Mechanisms Underlying the Essential Role of Mitochondrial Membrane Lipids in Yeast Chronological Aging

Department of Biology, Concordia University, Montreal, QC, Canada H4B 1R6

Correspondence should be addressed to Vladimir I. Titorenko

Received 30 January 2017; Accepted 18 April 2017; Published 16 May 2017

Academic Editor: Vítor Costa

Copyright © 2017 Younes Medkour et al. This is an open access article distributed under the Creative Commons Attribution License, which permits unrestricted use, distribution, and reproduction in any medium, provided the original work is properly cited.

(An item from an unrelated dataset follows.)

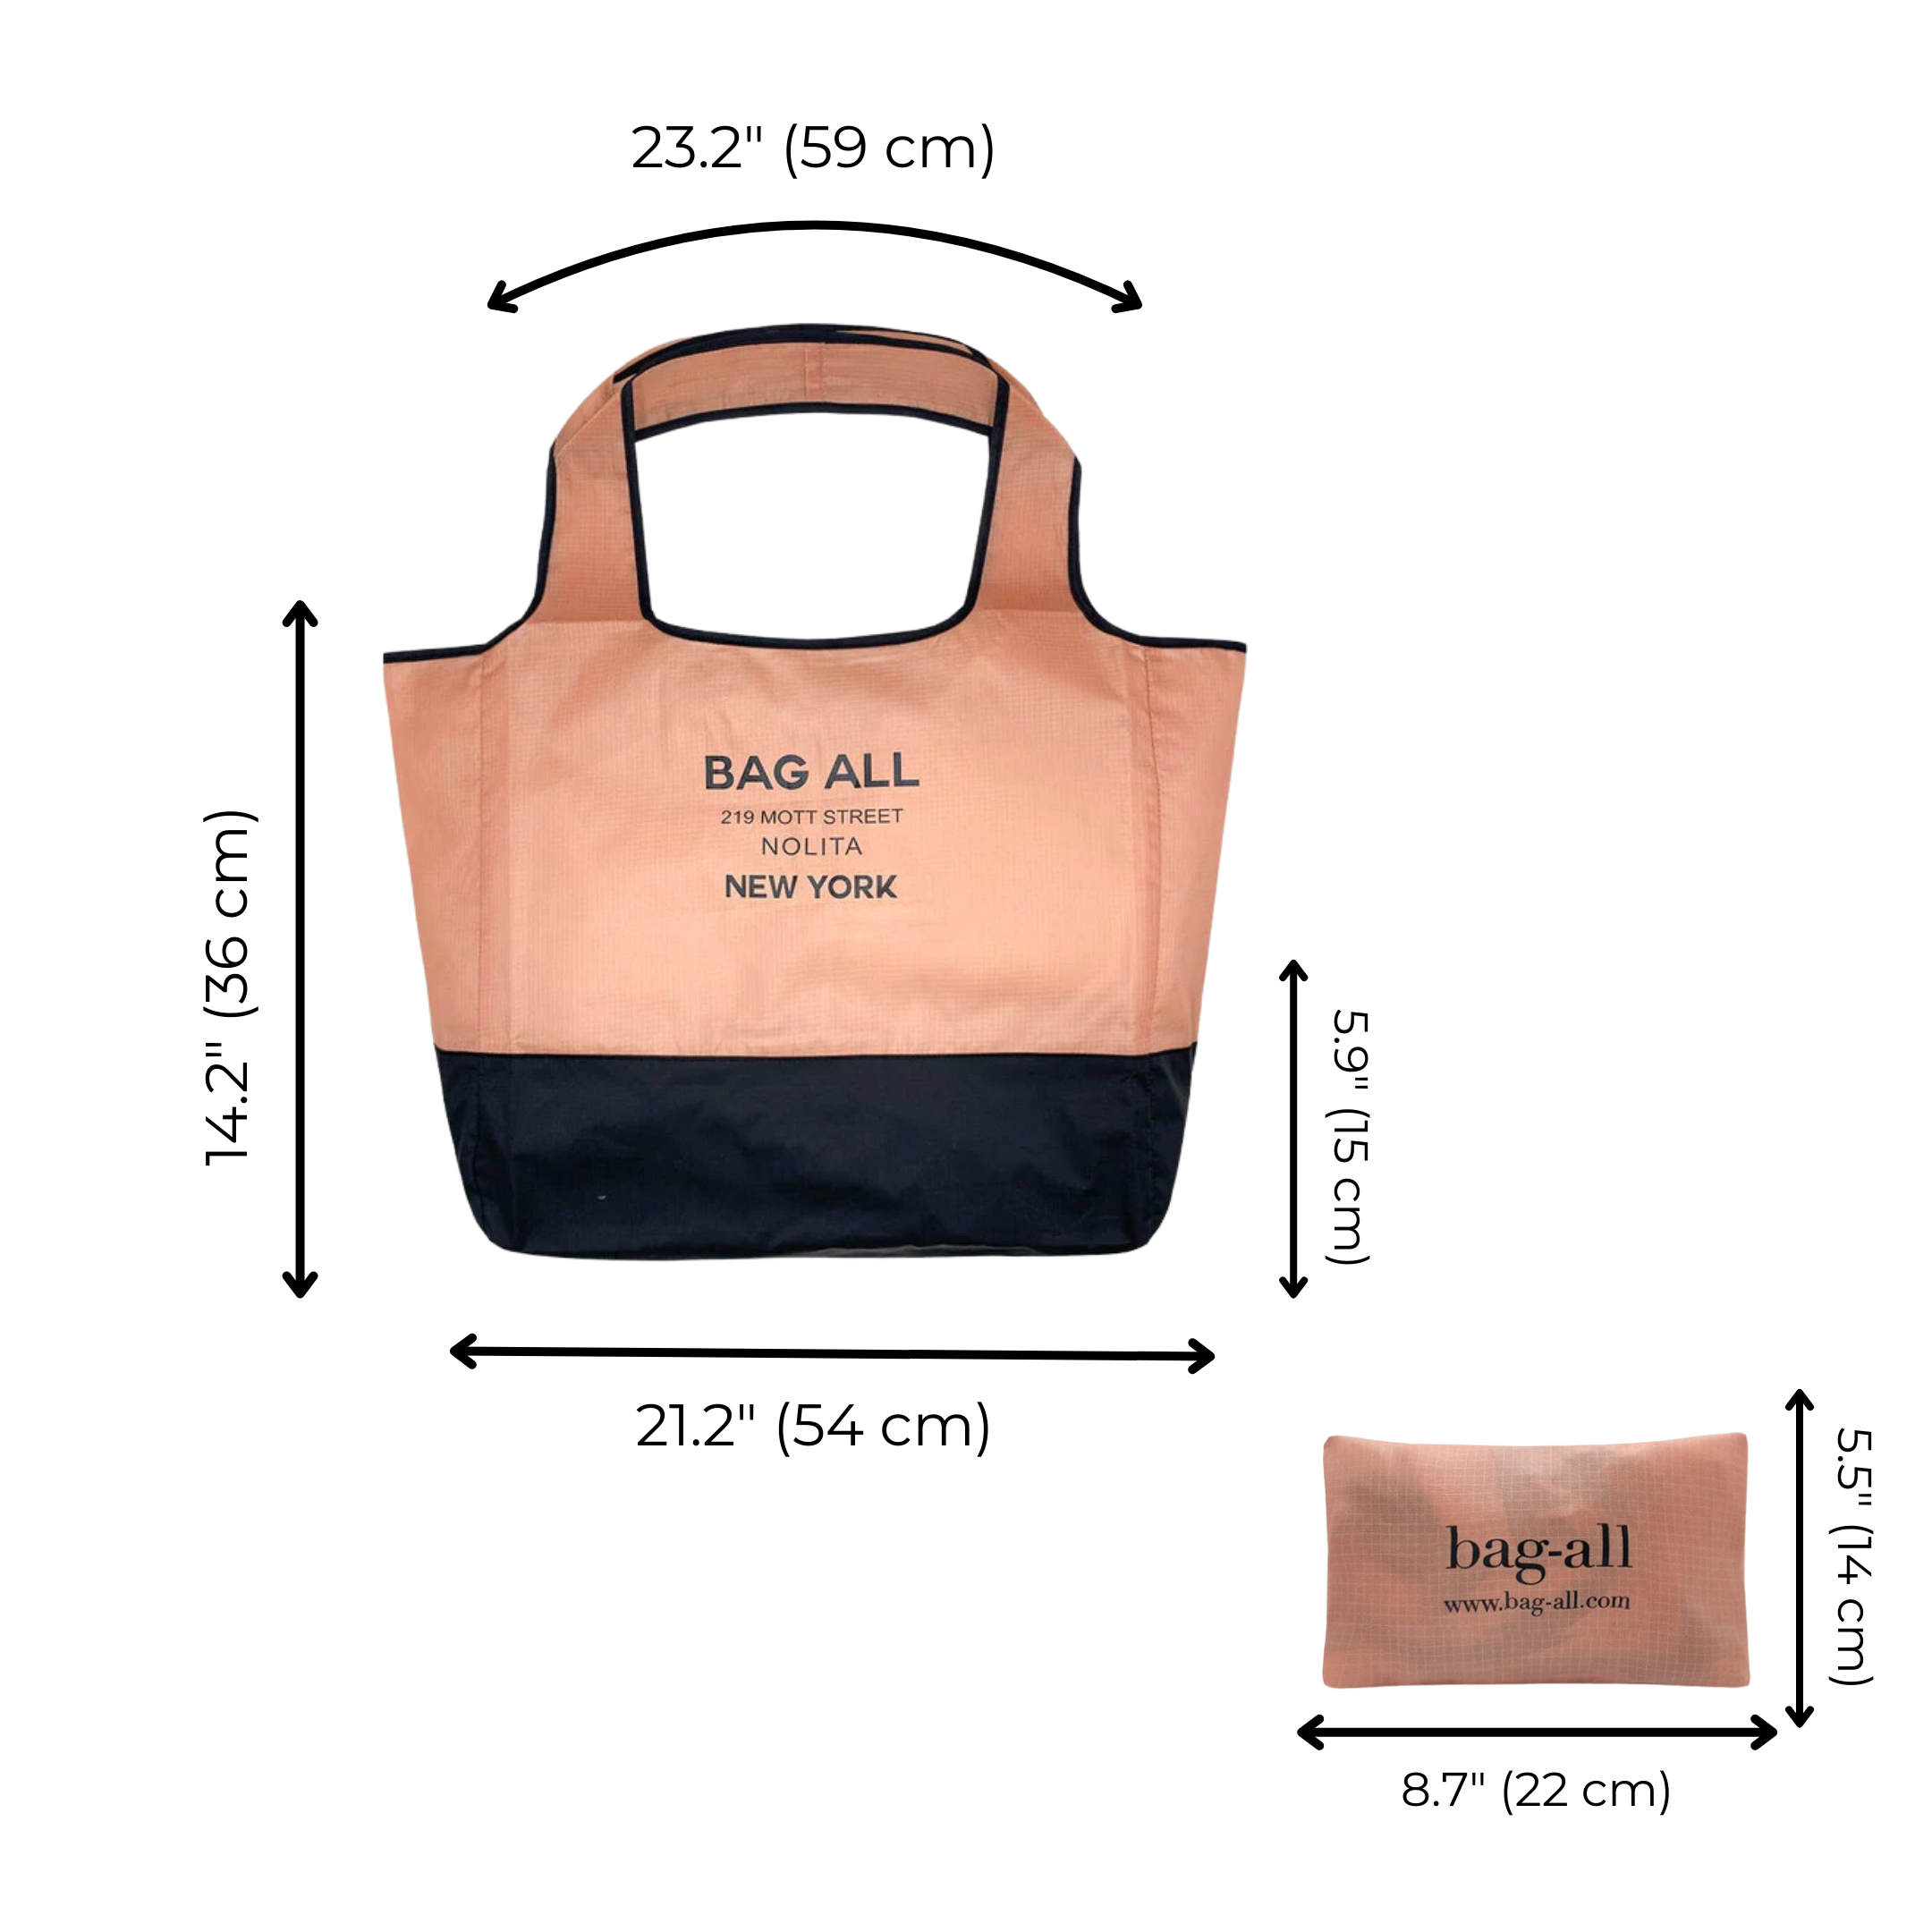 Folding Shopping Bag, Zipper Pocket Pouch | Bag-all
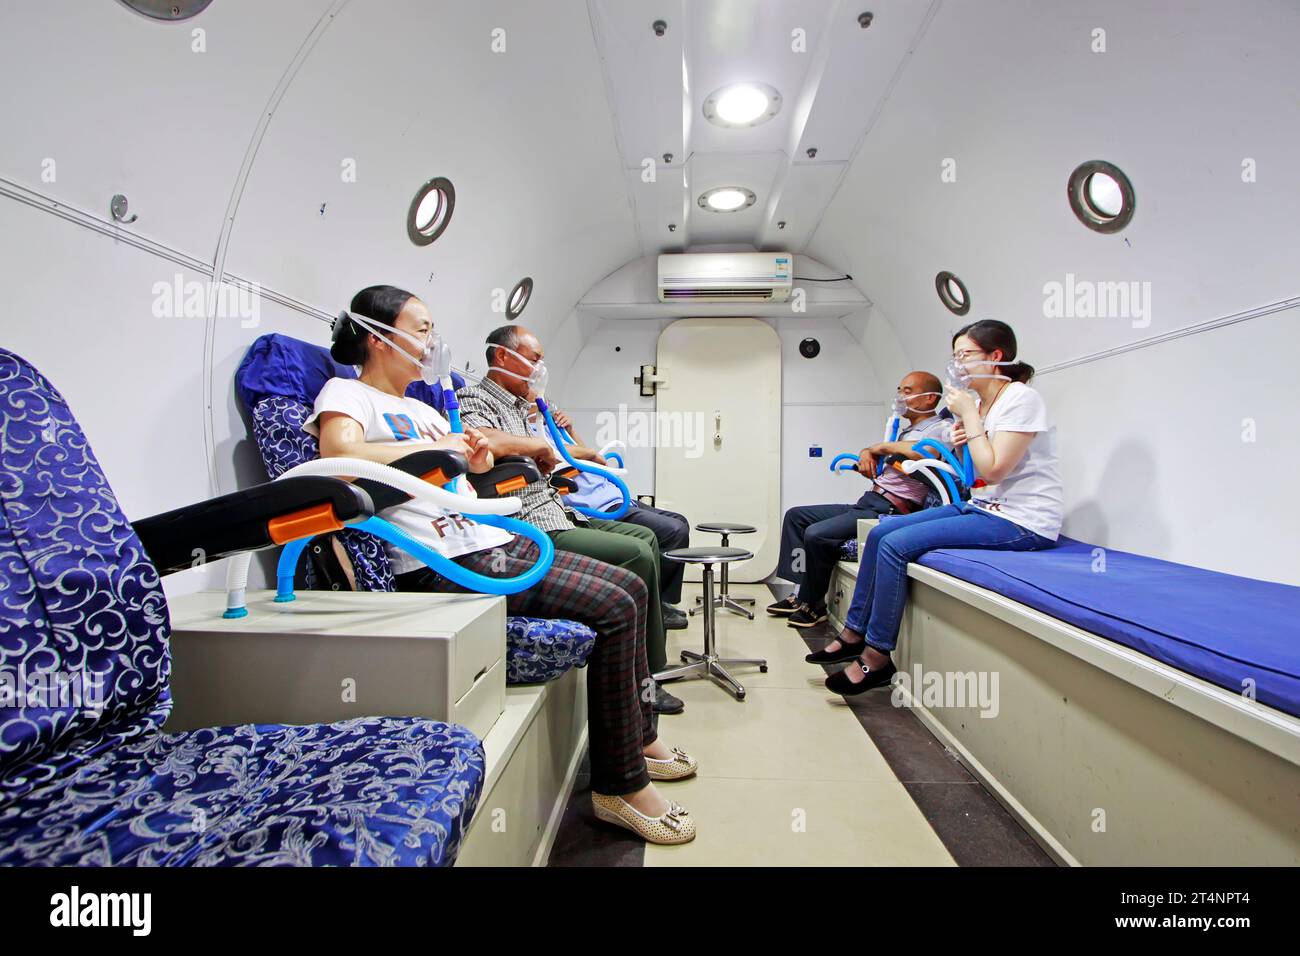 Luannan - giugno 29: Pazienti che indossano maschere per ossigeno, nella camera di ossigeno iperbarica, il 29 giugno 2015, contea luannana, provincia di hebei, Cina Foto Stock

The functional state of mitochondria is vital to cellular and organismal aging in eukaryotes across phyla. Studies in the yeast Saccharomyces cerevisiae have provided evidence that age-related changes in some aspects of mitochondrial functionality can create certain molecular signals. These signals can then define the rate of cellular aging by altering unidirectional and bidirectional communications between mitochondria and other organelles. Several aspects of mitochondrial functionality are known to impact the replicative and/or chronological modes of yeast aging. They include mitochondrial electron transport, membrane potential, reactive oxygen species, and protein synthesis and proteostasis, as well as mitochondrial synthesis of iron-sulfur clusters, amino acids, and NADPH. Our recent findings have revealed that the composition of mitochondrial membrane lipids is one of the key aspects of mitochondrial functionality affecting yeast chronological aging. We demonstrated that exogenously added lithocholic bile acid can delay chronological aging in yeast because it elicits specific changes in mitochondrial membrane lipids. These changes allow mitochondria to operate as signaling platforms that delay yeast chronological aging by orchestrating an institution and maintenance of a distinct cellular pattern. In this review, we discuss molecular and cellular mechanisms underlying the essential role of mitochondrial membrane lipids in yeast chronological aging.